The worst part about this is the lack of explanation.

Even if I personally disagreed with their reasoning, I’d appreciate a thought-out, sensible reason, and most likely accept it.

But they’re not even giving you the common courtesy or respect that a simple, clear reason would provide (i.e., “we don’t allow registrations from .io domains, because we see too much hacker shit from that TLD.” Or any explanation, really, would suffice).

“Just because” never sits well with me.

[–] [email protected] 15 points 5 days ago

My guess is that the agents answering are also not shared any information why some domains are blocked. I would also think that they have no idea what a domain is. Not the chatbots that answered the first couple of mails. :D

[–] mindbleach 11 points 5 days ago (1 children)
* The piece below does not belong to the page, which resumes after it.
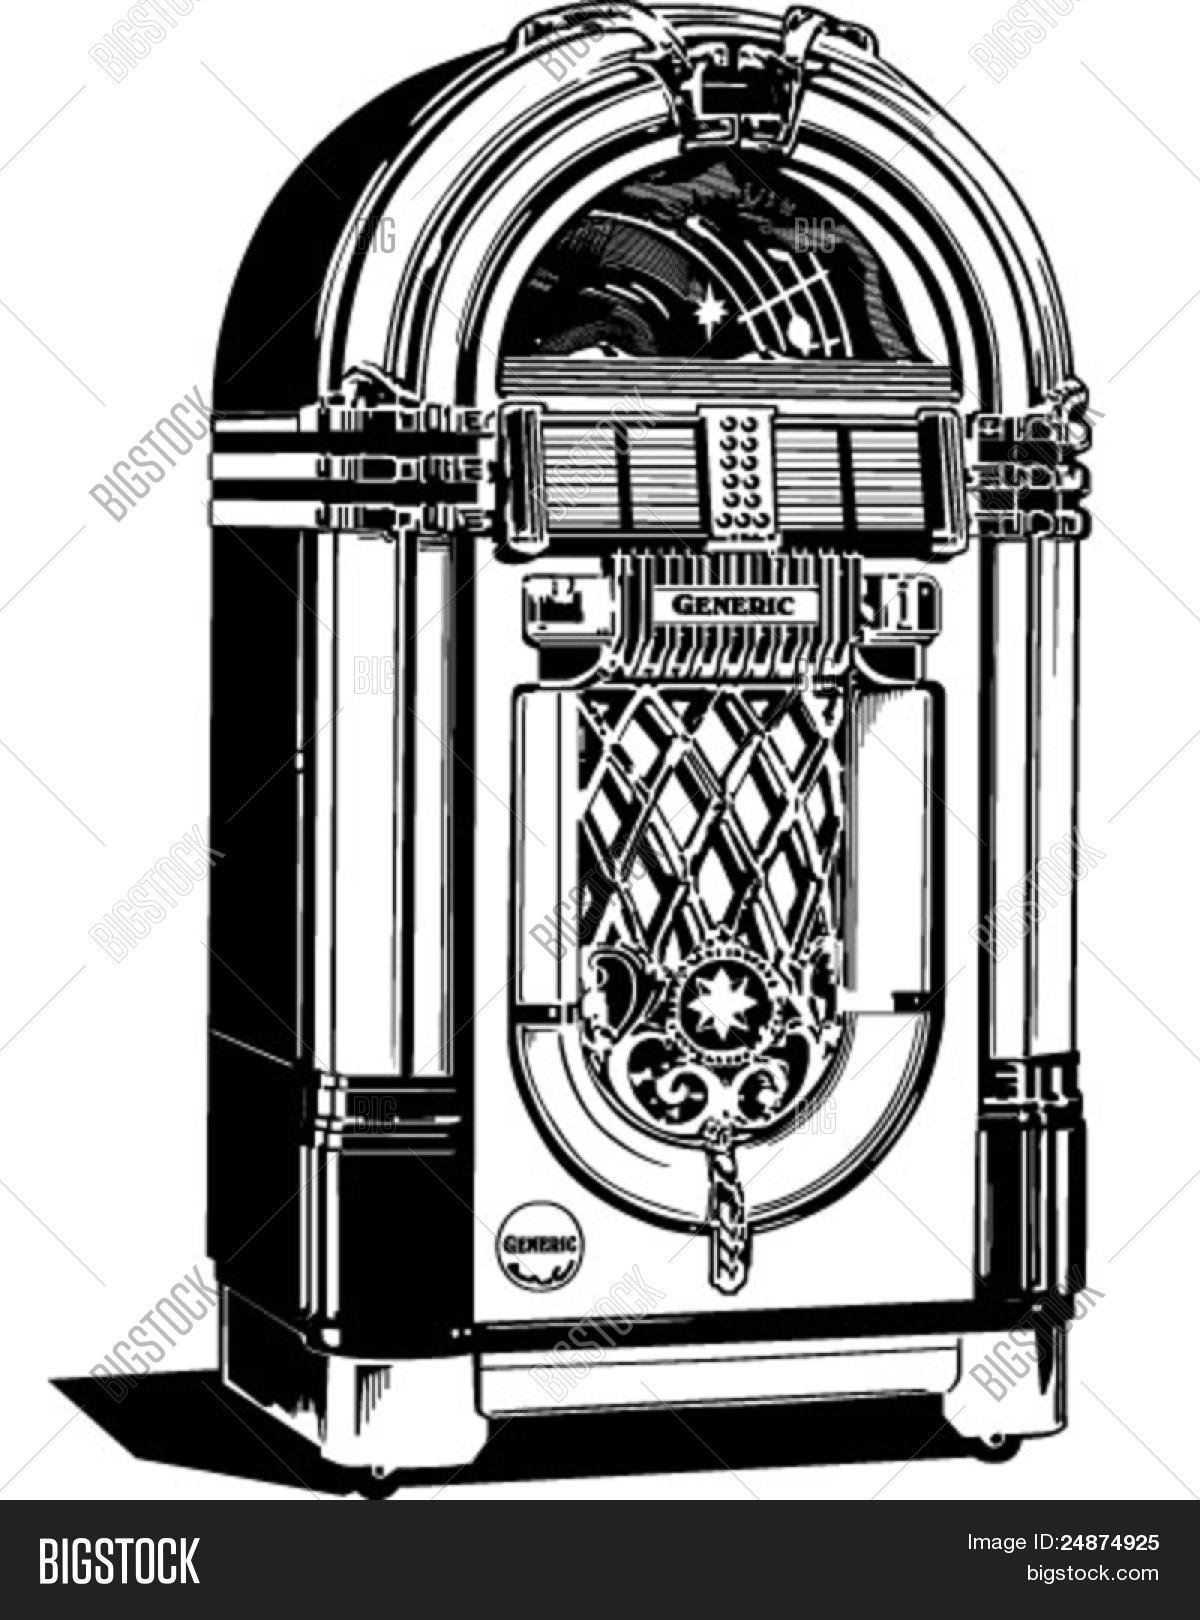 hight resolution of jukebox 1 retro clipart illustration

It provides no reliable remedy. Without knowing why this address won't work, you can never be sure the next will work.

[–] [email protected] 6 points 5 days ago
[–] ItsComplicated 25 points 5 days ago (1 children)

More and more sites are moving away from allowing users access when creating accounts with temporary or alias addresses, and usage with vpns. Identity based accounts can’t be tracked if they don’t know your true identity.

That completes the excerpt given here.